Sir JOHN FORREST (Swan) (Minister for Home Affairs) - I should like to congratulate my honorable friends opposite upon their accession to power, and I feel sure they will devote all. their energies and abilities to the administration of the public service. I should not have spoken upon this occasion, but that I wish to add one word to what has been said by the right honorable member for East Sydney concerning the constitutionality of the position occupied by honorable members opposite. I do not suppose there have been many instances in British, countries in which the members Of a party have exhibited so much -bravery as have those of the present Government. I do not think there is any instance upon record in which a minority in Parliament have formed a Government without first assuring themselves that they could command a fair measure of support from one section or another in the House.

Mr Watkins - What about the position of the recent Government ?

Sir JOHN FORREST - I will reply to the question of the honorable member, notwithstanding that it has already been answered by the right honorable member for East Sydney. The position of the present Administration is very different from that which was occupied by the late Government. That Ministry assumed office before Parliament had been called into existence, and its members continuedto administer the affairs of this country as best they could from that time until a day or two ago, getting support, as the right honorable member for East Sydney said, " from one section of the House or the other."

Mr JOSEPH COOK (PARRAMATTA, NEW SOUTH WALES) - Is not the right honorable member satisfied with the statement of his leader ?

Sir JOHN FORREST - When a per son is requested by the representative of the Sovereign to form an Administration, and undertakes that important and responsible duty, it is usual for him to assure the representative of His Majesty that he has promises of support which will enable him to carry on the work of government.
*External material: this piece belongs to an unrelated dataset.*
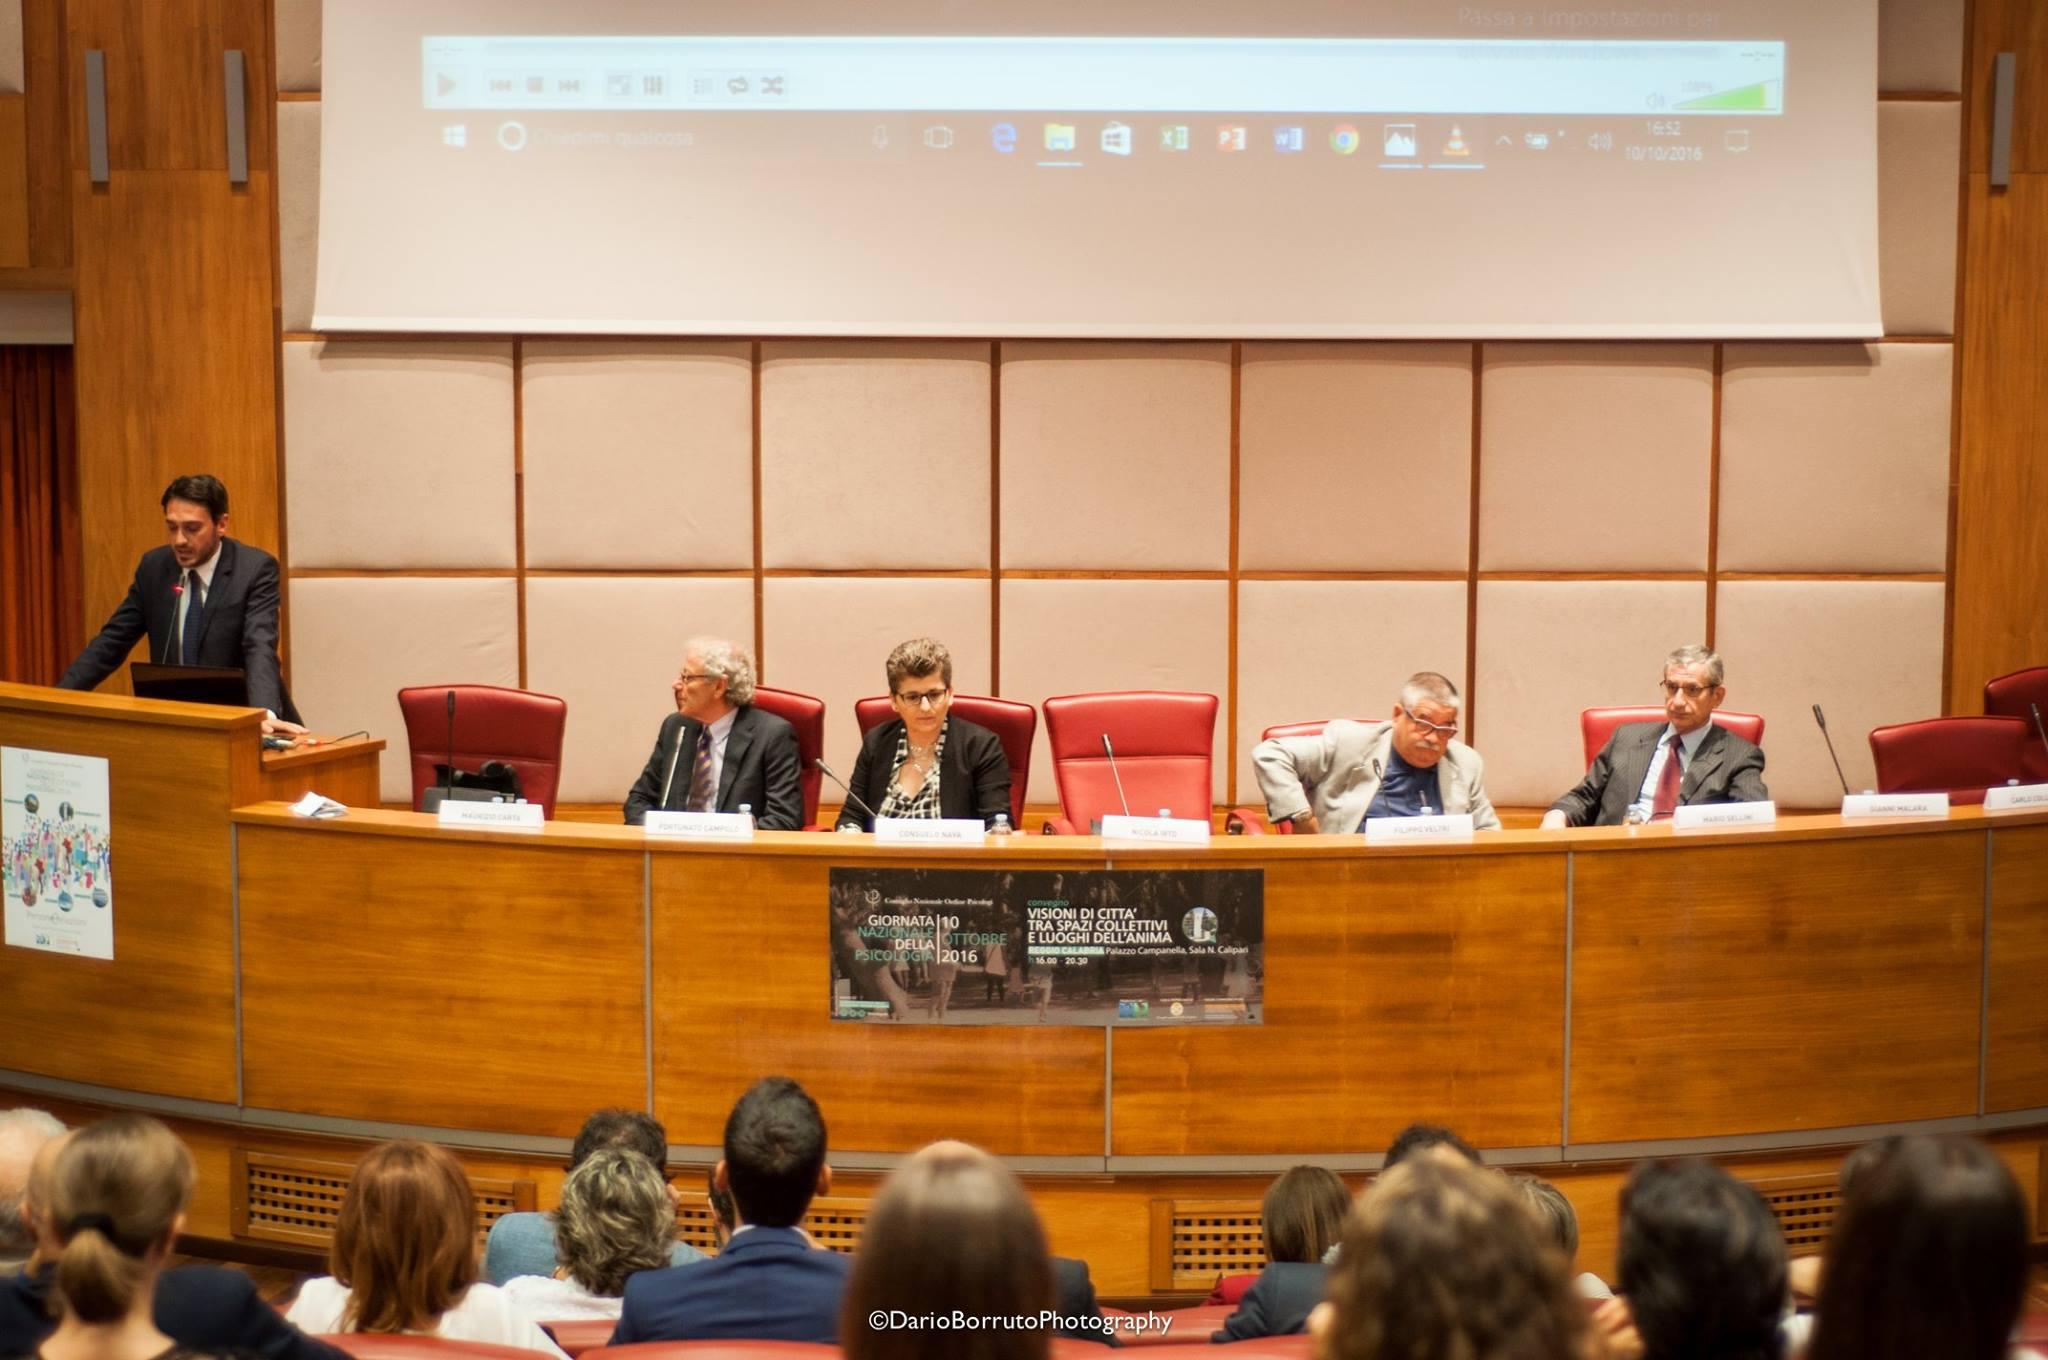 Reggio – Convegno psicologi: relazioni e progetti di visioni di città con Learning city

He should be able to assure His Excellency that he has a fair chance of securing a working majority. Should he fail in obtaining promises of sufficient support, it is customary for him to return the commissionto the representative of the Sovereign andto suggest that some one else should be sent for.
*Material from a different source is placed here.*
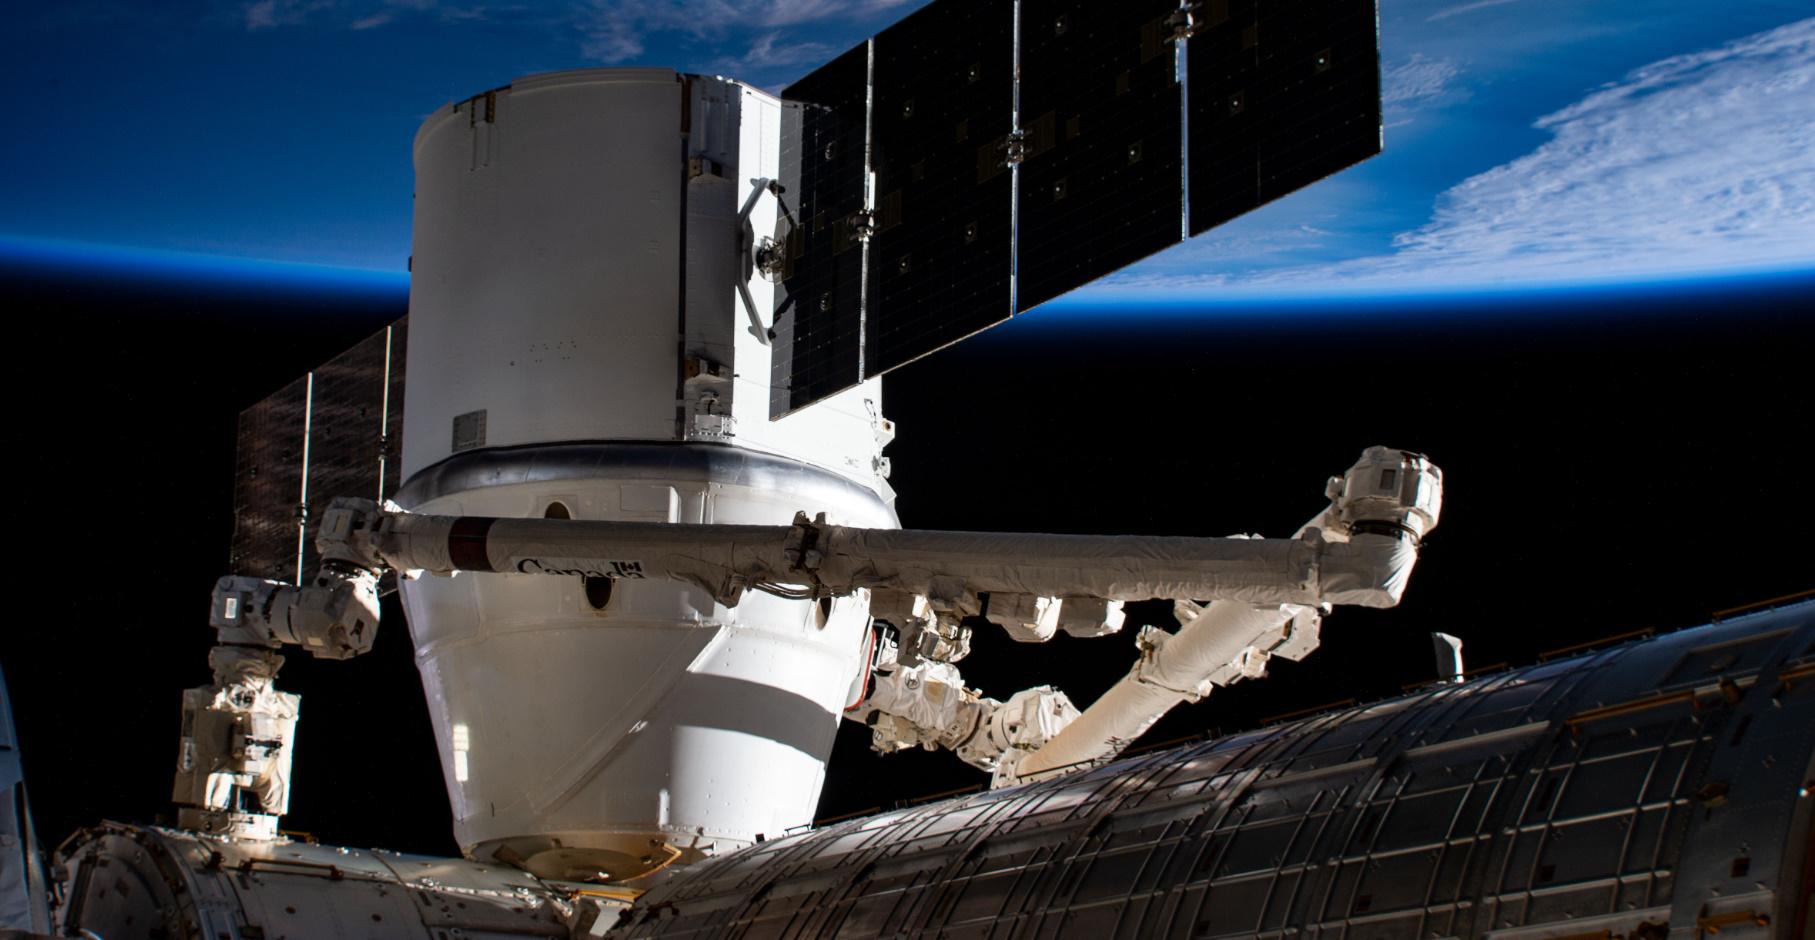 CRS-17 Dragon on the ISS – via NASA

Mr Hutchison - The right honorable member is using the exact words of a letter that appeared in the Argus.

Mr Page - Why does not the right honorable member take his gruel kindly?

Sir JOHN FORREST - I have never heard or read of. a case in which the head of a party accepted Ministerial office without having first assured himself, and the representative of the Sovereign, that he had reasonable grounds for believing that he could command the support of a majority.

Mr JOSEPH COOK (PARRAMATTA, NEW SOUTH WALES) - I rise to a point of order. I have no objection to the right honorable member for Swan delivering a lecture upon constitutional practice, at the conclusion of the remarks which have been made by the late Prime Minister and the right honorable member for East Sydney. My point of order is that the observations of the right honorable member are not relevant to the motion that is before the Chair. I raise this question for the purpose of ascertaining whether honorable members generally will be at liberty to discuss the constitutionality of the question when the right honorable member has resumed his seat. It is delightful to listen to the lecture ; but I wish to know whether we all are to be placed on the same footing.